### Data block
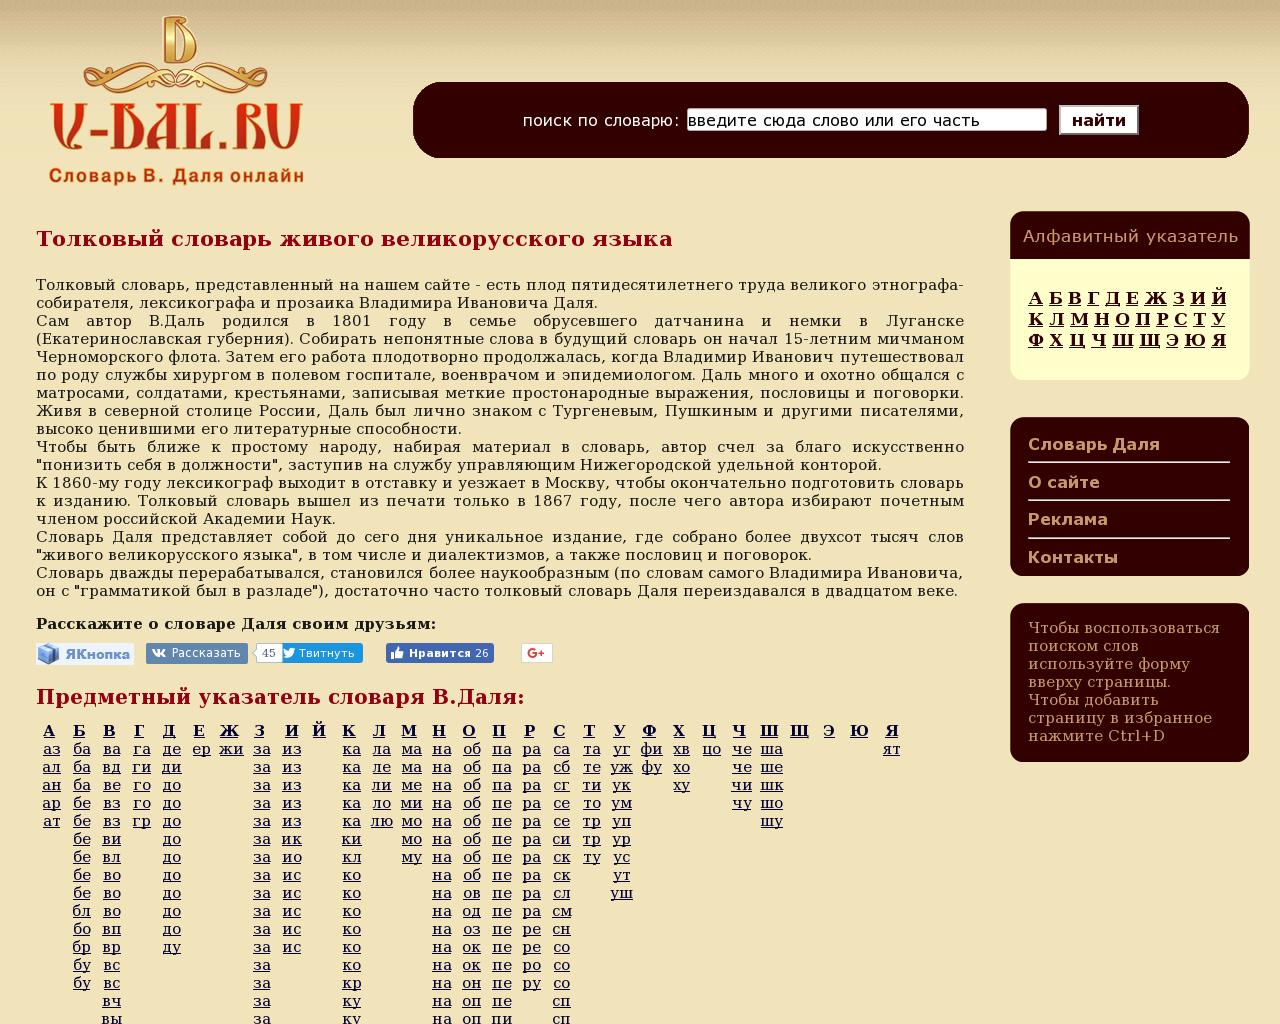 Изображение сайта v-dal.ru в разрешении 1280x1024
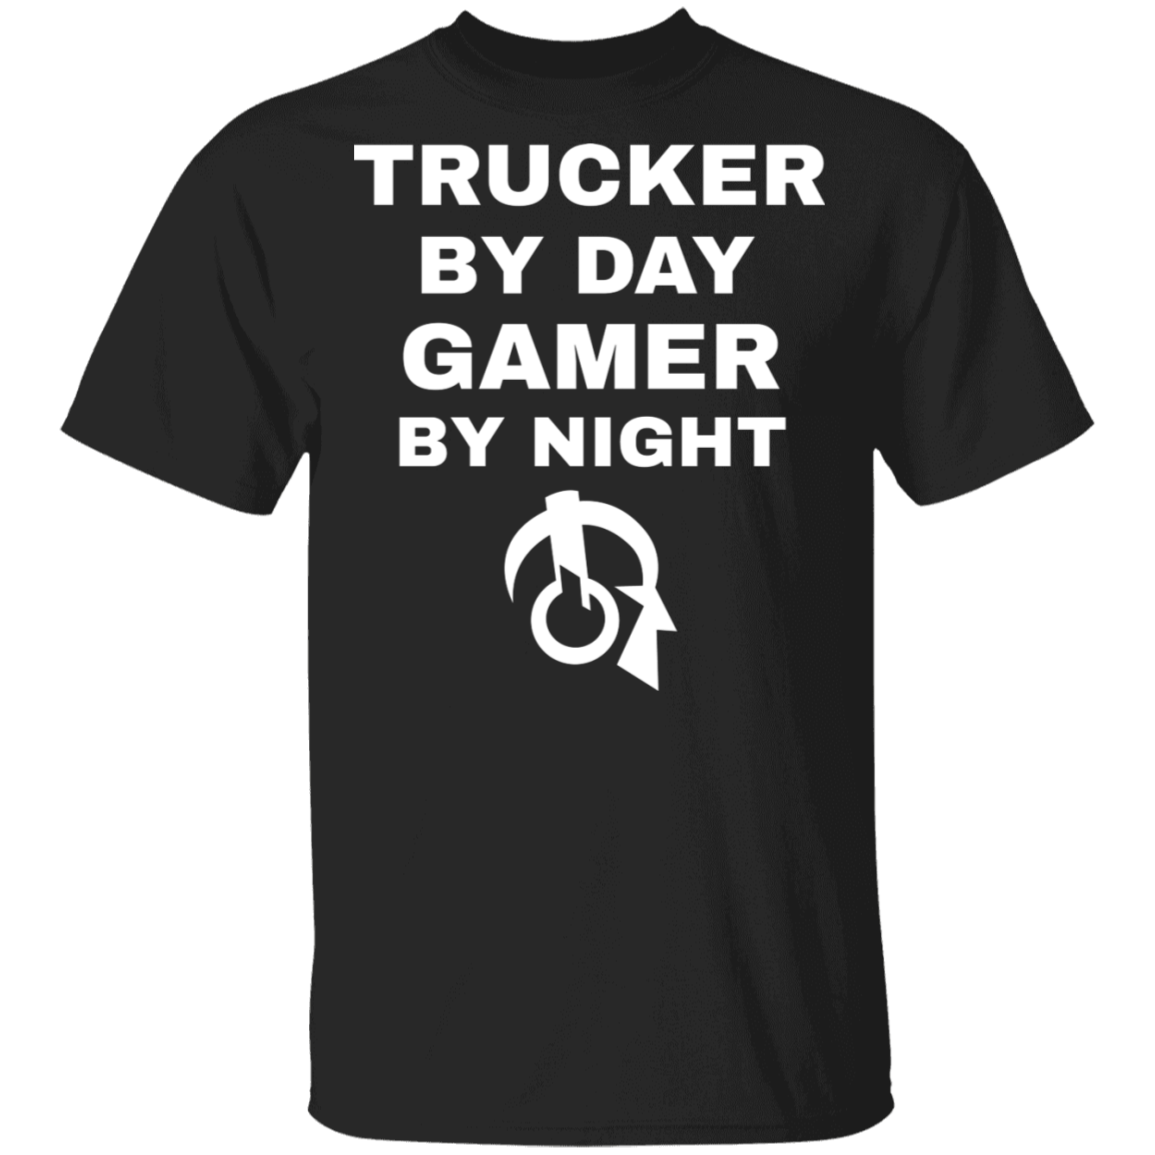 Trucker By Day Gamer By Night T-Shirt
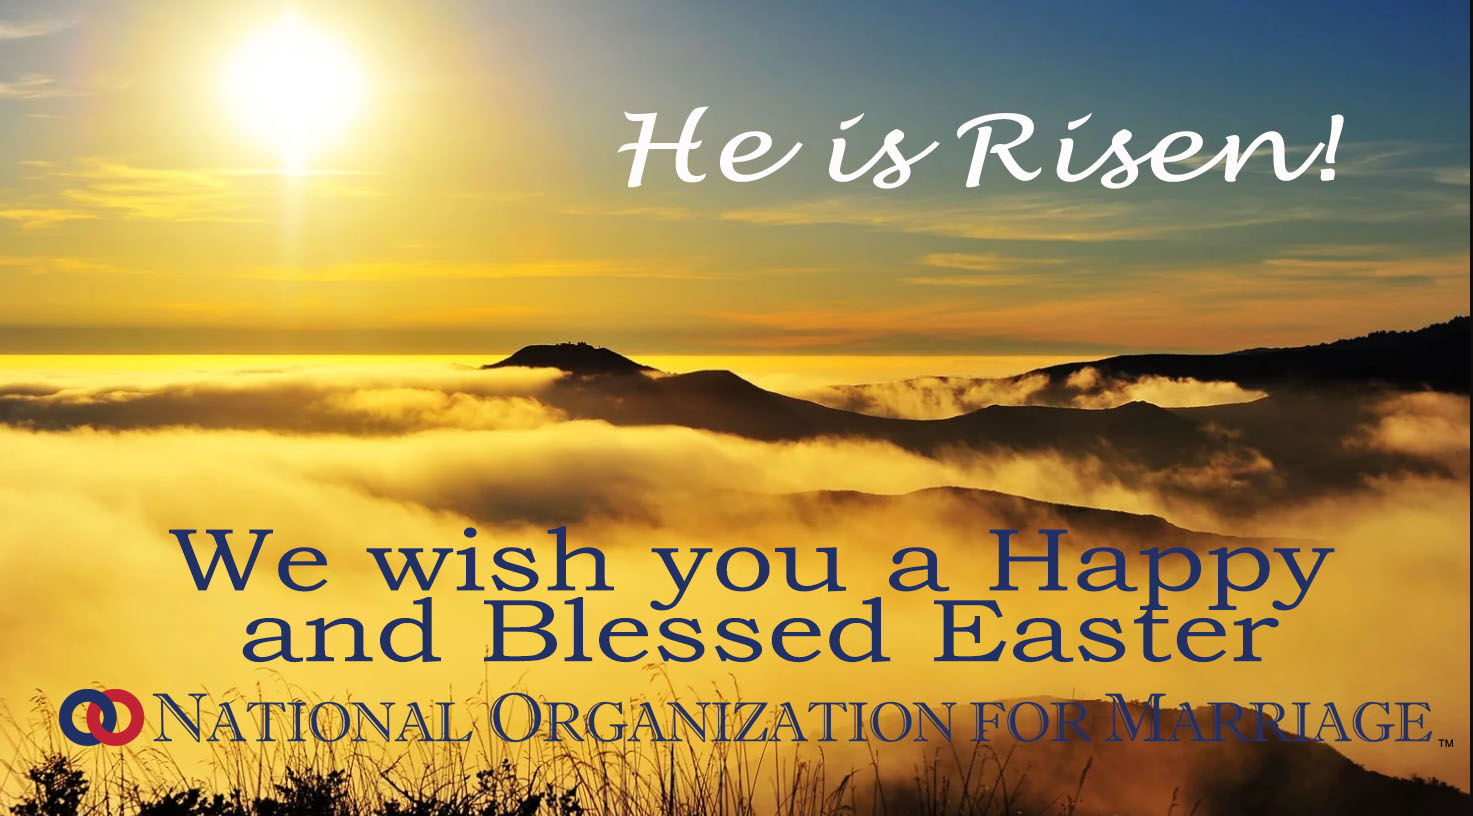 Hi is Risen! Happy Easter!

### Exercise aim
Return the listing above in full and unaltered. Keep the pictures out.

### Task solution
 Изображение сайта v-dal.ru в разрешении 1280x1024
 Trucker By Day Gamer By Night T-Shirt
 Hi is Risen! Happy Easter!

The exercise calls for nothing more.